November 12, 2010: 7:40 AM ET

Every day, the Fortune staff spends hours poring over tech stories, posts, and reviews from all over the Web to keep tabs on the companies that matter. We've assembled the day's most newsworthy bits below.

  • Photo: Yahoo

    Reports are surfacing that Yahoo's upper management must cut between 10% and 20% of its 14,100-strong staff. Yahoo says via an official statement the reports are "misleading and inaccurate," but outlets like TechCrunch are sticking by their sources. (Geek.com)

  • The Obama administration is prepping a report that will break down its strategy for better policing Internet privacy. Among the various proposals: new laws and a new position geared towards supervision of this effort. (AFP)
  • Chances are very, very good Facebook will indeed unveil a full-fledged integrated web-based email client at this Monday's event. If so, this may go a long way to explaining the recent tiff with Gmail over importing contacts. (Download Squad and TechCrunch)
  • The Daily Beast-Newsweek merger is almost a done deal.

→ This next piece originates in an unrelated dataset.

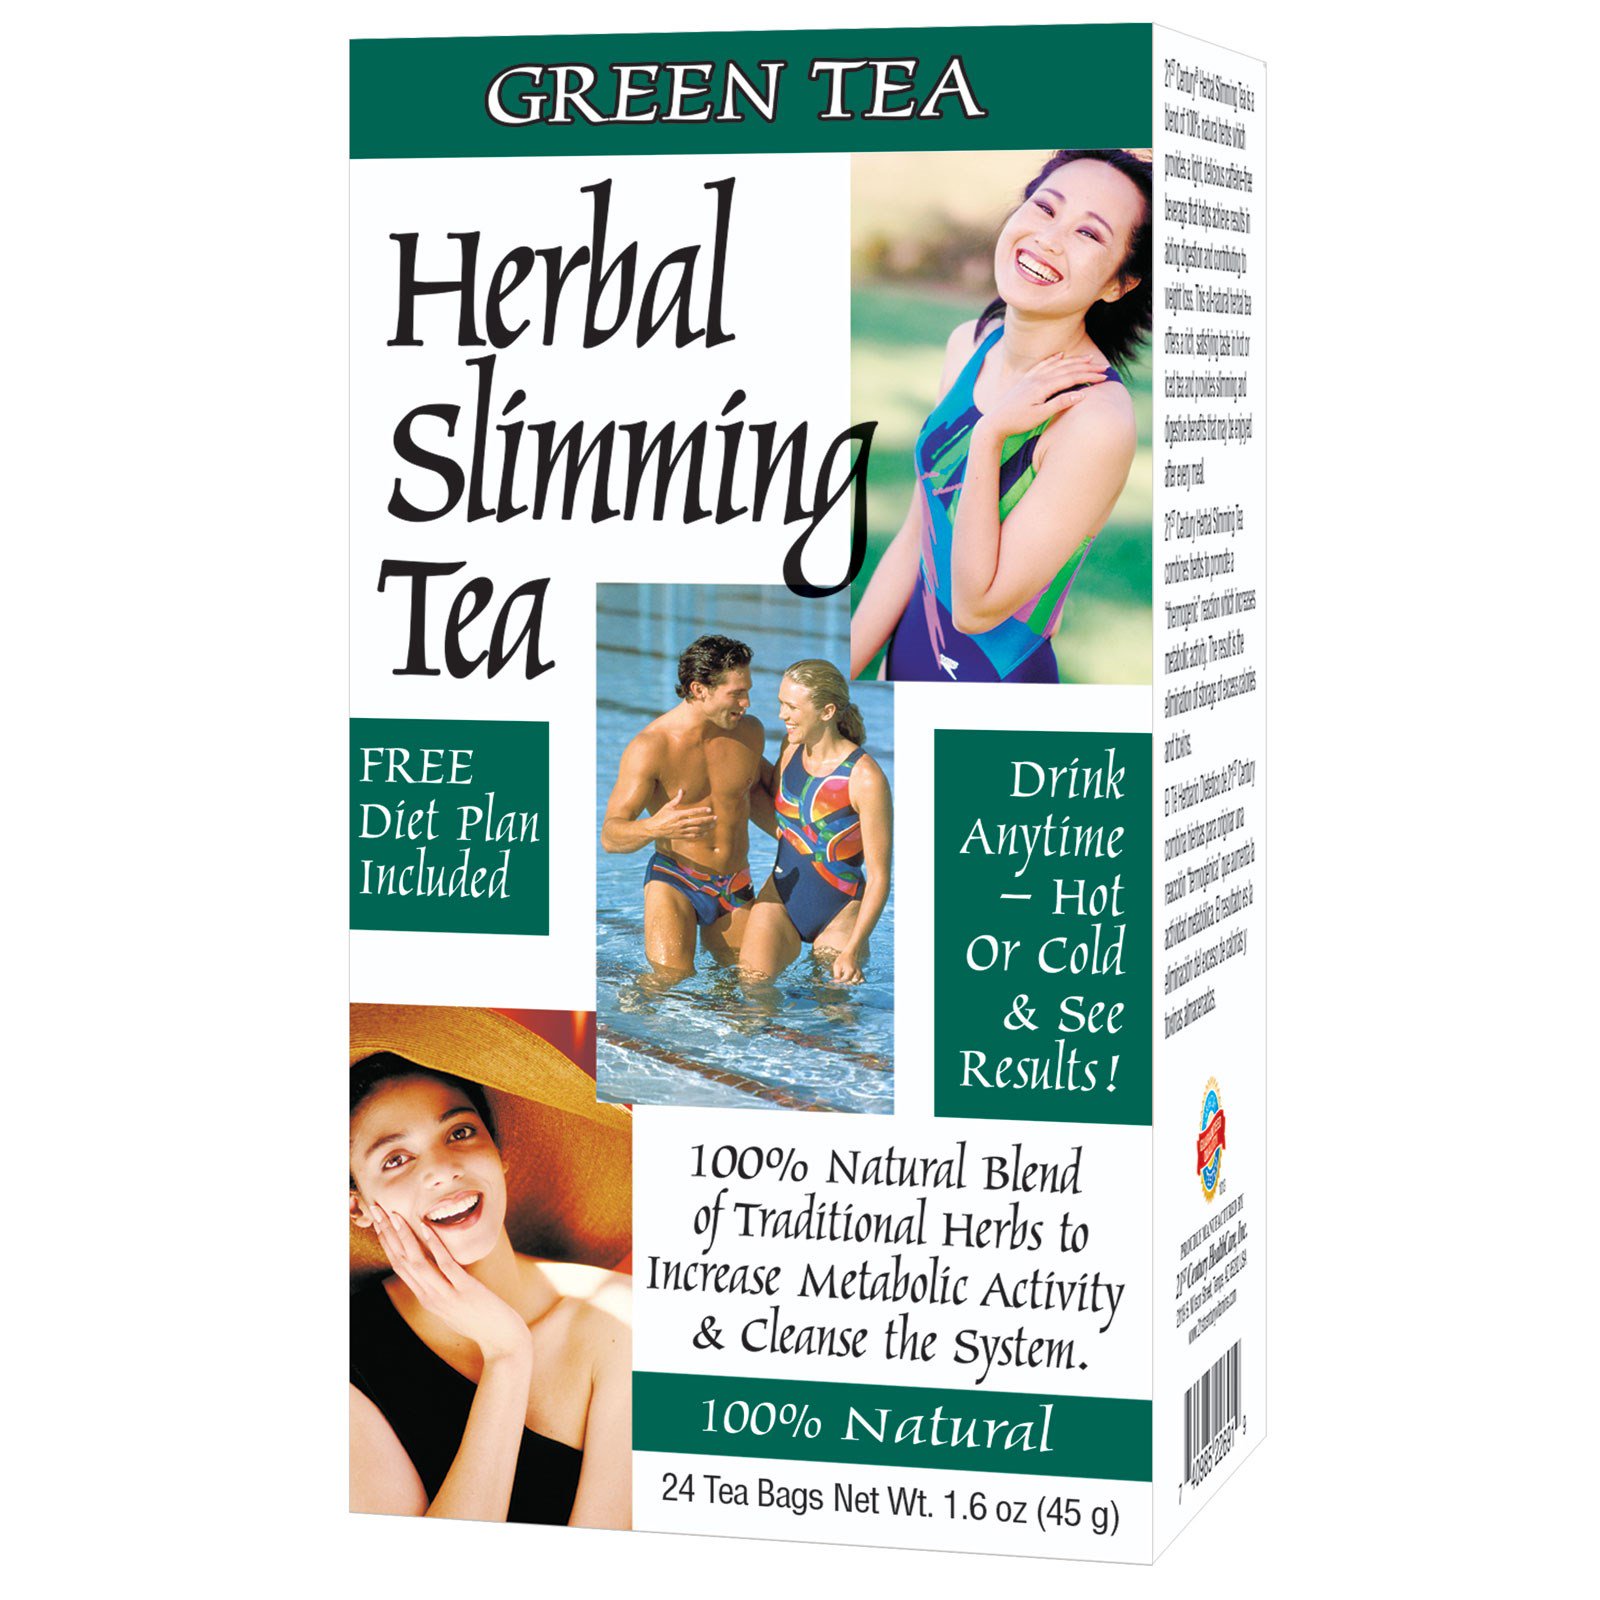 21st century herbal slimming tea green tea

Should it come to pass, Daily Beast web site editor Tina would also run the flailing weekly mag, which sold for $1 last August to stereo tycoon Sydney Harman. (The Wrap)
  • In response to Oracle's lawsuit against Google over supposed Java-related copyright issues, Google pretty much says its not their problem. In a statement, the search engine giant also alleges Oracle edited portions of their amended complaint to potentially better suit their cause. (Groklaw)
  • Adding to the Google-Facebook tension, Google reportedly offered one of its engineers $3.5 million to turn down a job offer from the social network and stick around. (Virtual Economics)
  • Google 24/7 editor Seth Weintraub reviewed Samsung's Galaxy Tab tablet. Says Weintraub: "If I was only allowed one mobile device besides my computer, I'd pick the Galaxy Tab." (Fortune)
  • Believe it or not, Microsoft's quickly-aborted mobile foray into social (read: Kin One and Two) may be returning to Verizon -- at least if the company's leaked fourth quarter 2010 device overview is to be believed. (Neowin)

    Photo: Microsoft

  • Twitter announced its 175 million-plus users can now connect their accounts to iTunes and use Ping, Apple's music-focused social network. (TechSpot)
  • A Square spokesperson shot down speculation that CEO Jack Dorsey is playing a more active role in Twitter to "fix" the product. (MobileBeat)
  • Microsoft says its Xbox 360 console is only used by owners for gaming 60% of the time, attributing that stat to expanding options of what they can do with the system. (winrumors)
  • The Apple TV is topping Amazon's "Most Wishes For in Computers & Accessories" list. (Fortune)
  • Call of Duty: Black Ops from developer Activision Blizzard set a new record for first-day sales with $360 million in the U.S. and U.K. (redOrbit)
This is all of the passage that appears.